Please retype the data in full and exactly; the pictures are not part of the copy.

DATA BLOCK:
● ● ● ●
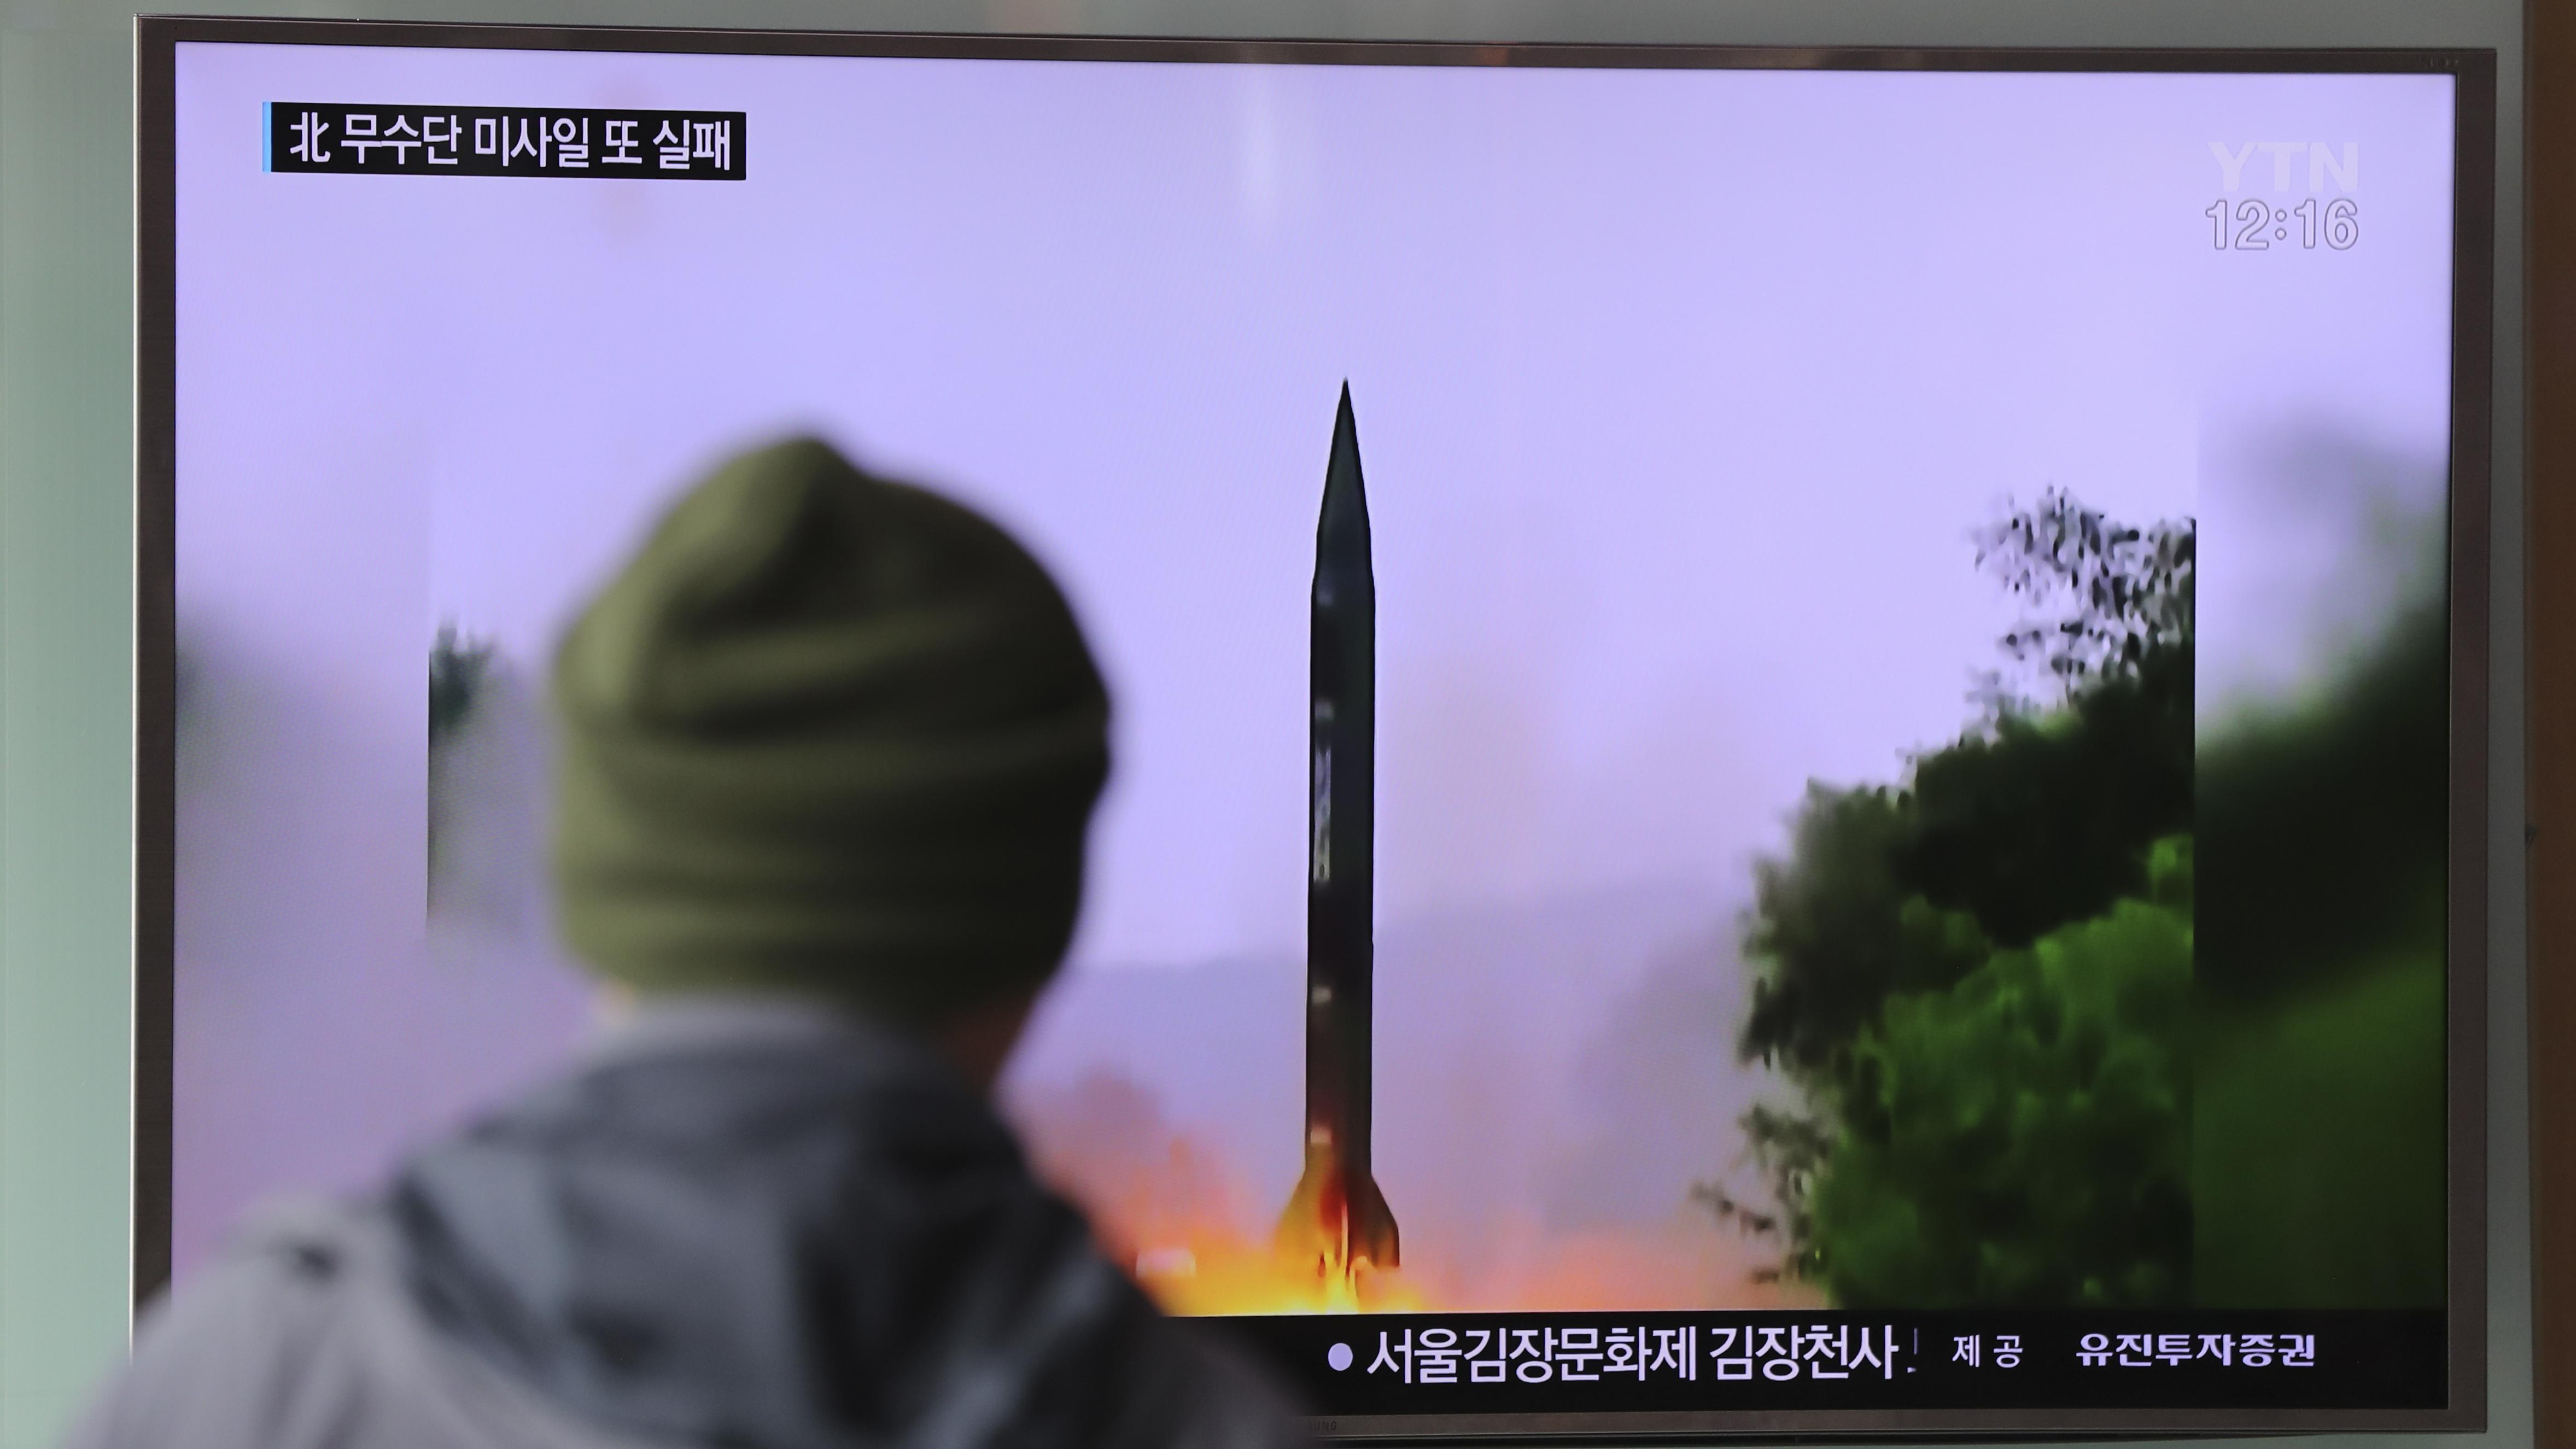 https://media.npr.org/assets/img/2016/10/25/n.-korea-missile-10-25-16_wide-a0e32c830d8f31cccf9621c0e0d04e375c9b2e98.jpg
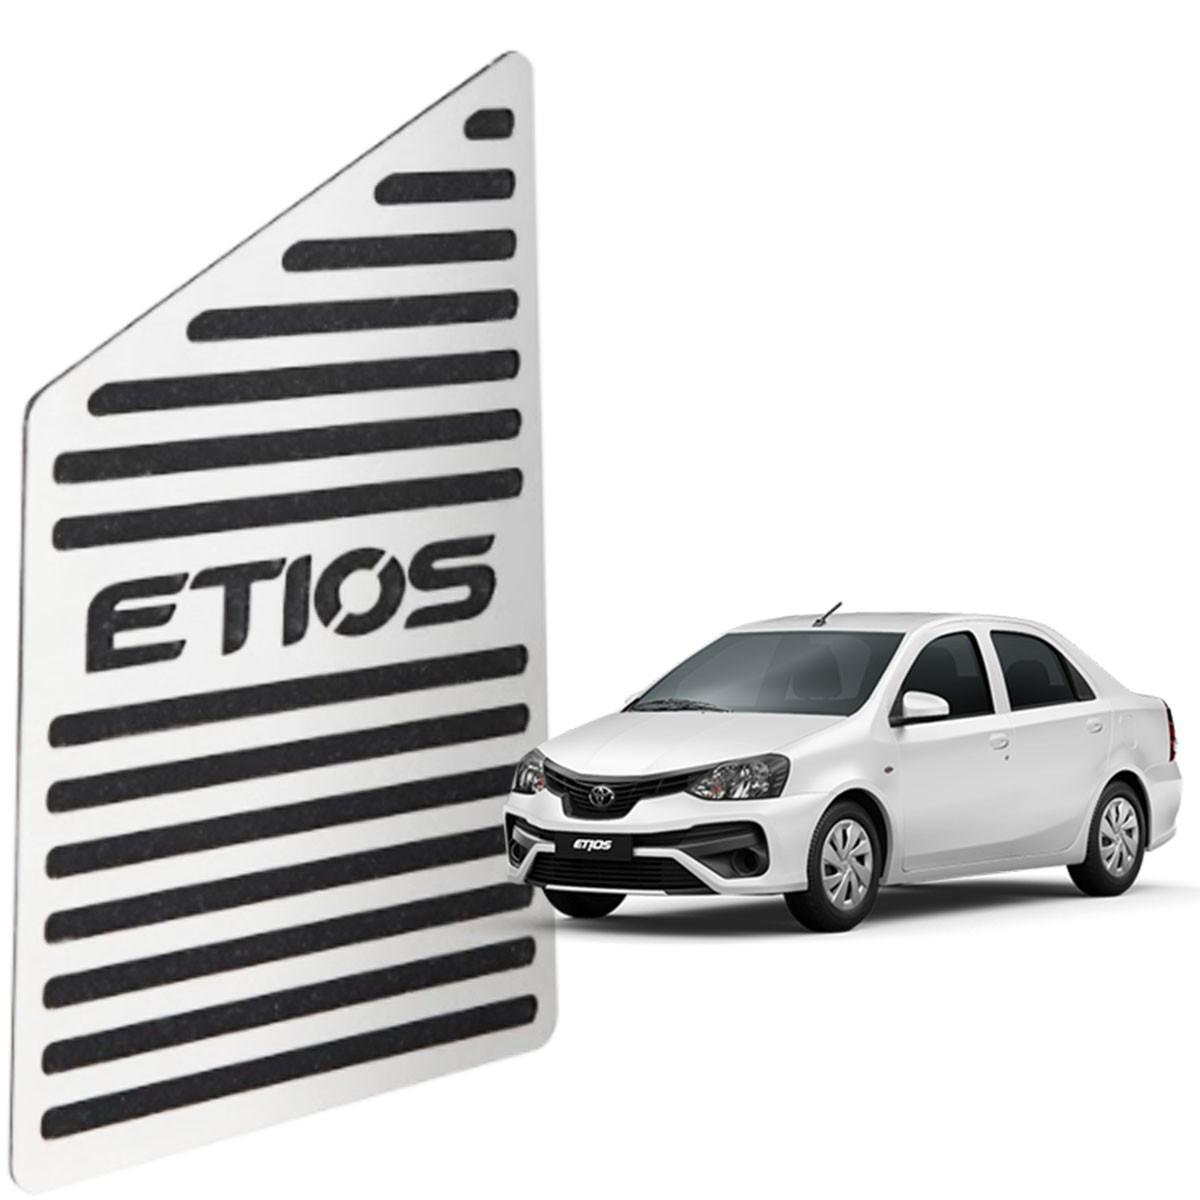 Descanso de Pé Toyota Etios Aço Inox Escovado
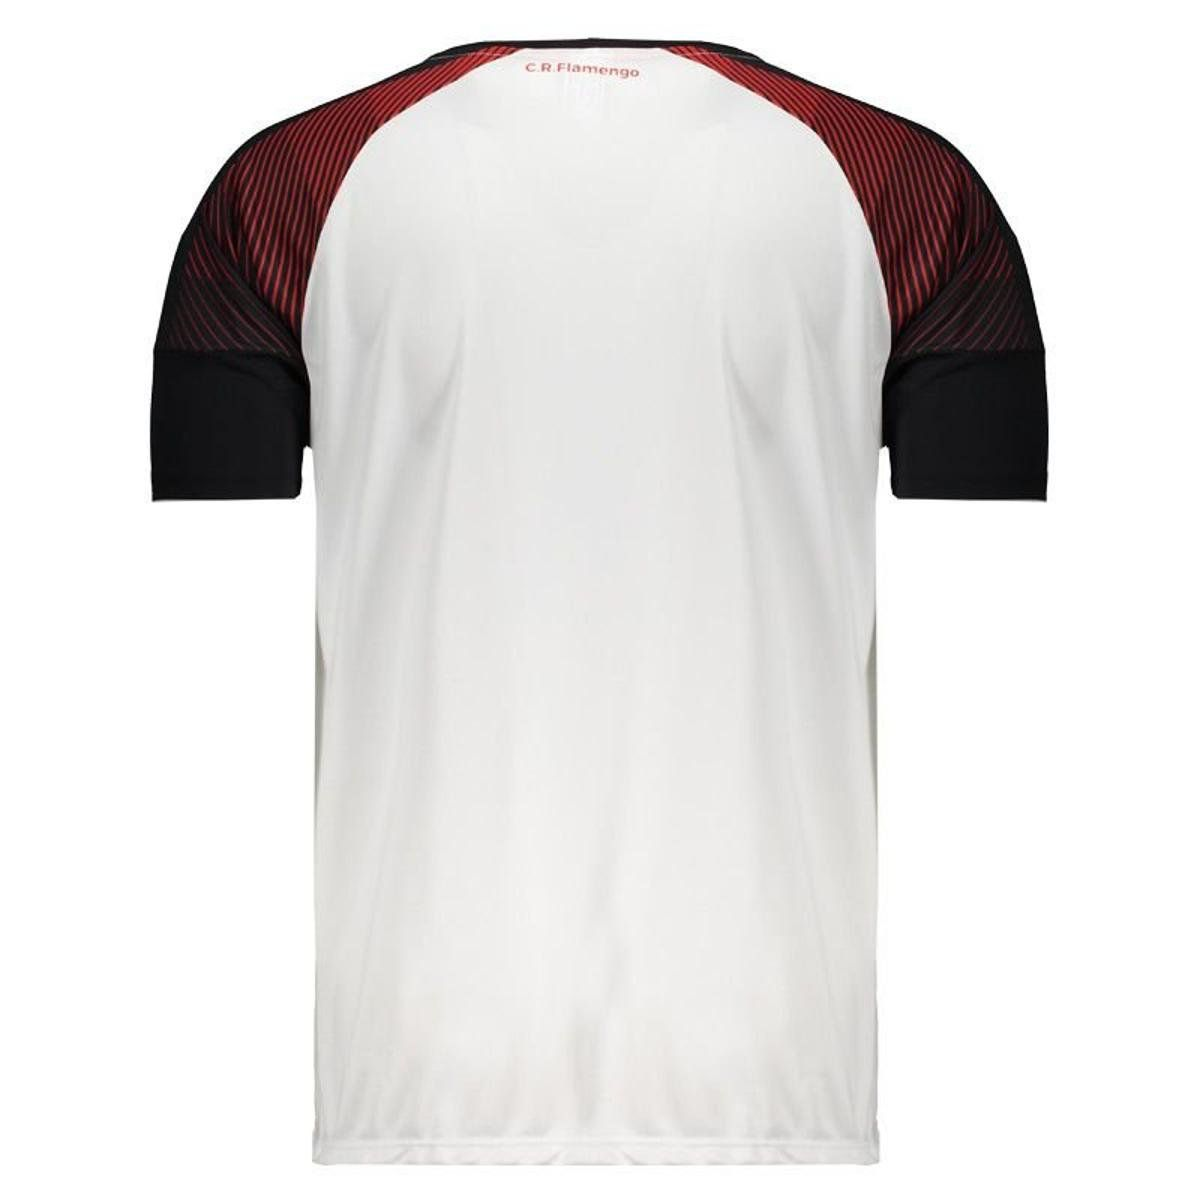 Camisa Braziline Flamengo Fortune - Masculino - Branco e Vermelho
● ● ● ●
SOLUTION FOR THIS TASK:
 https://media.npr.org/assets/img/2016/10/25/n.-korea-missile-10-25-16_wide-a0e32c830d8f31cccf9621c0e0d04e375c9b2e98.jpg
 Descanso de Pé Toyota Etios Aço Inox Escovado
 Camisa Braziline Flamengo Fortune - Masculino - Branco e Vermelho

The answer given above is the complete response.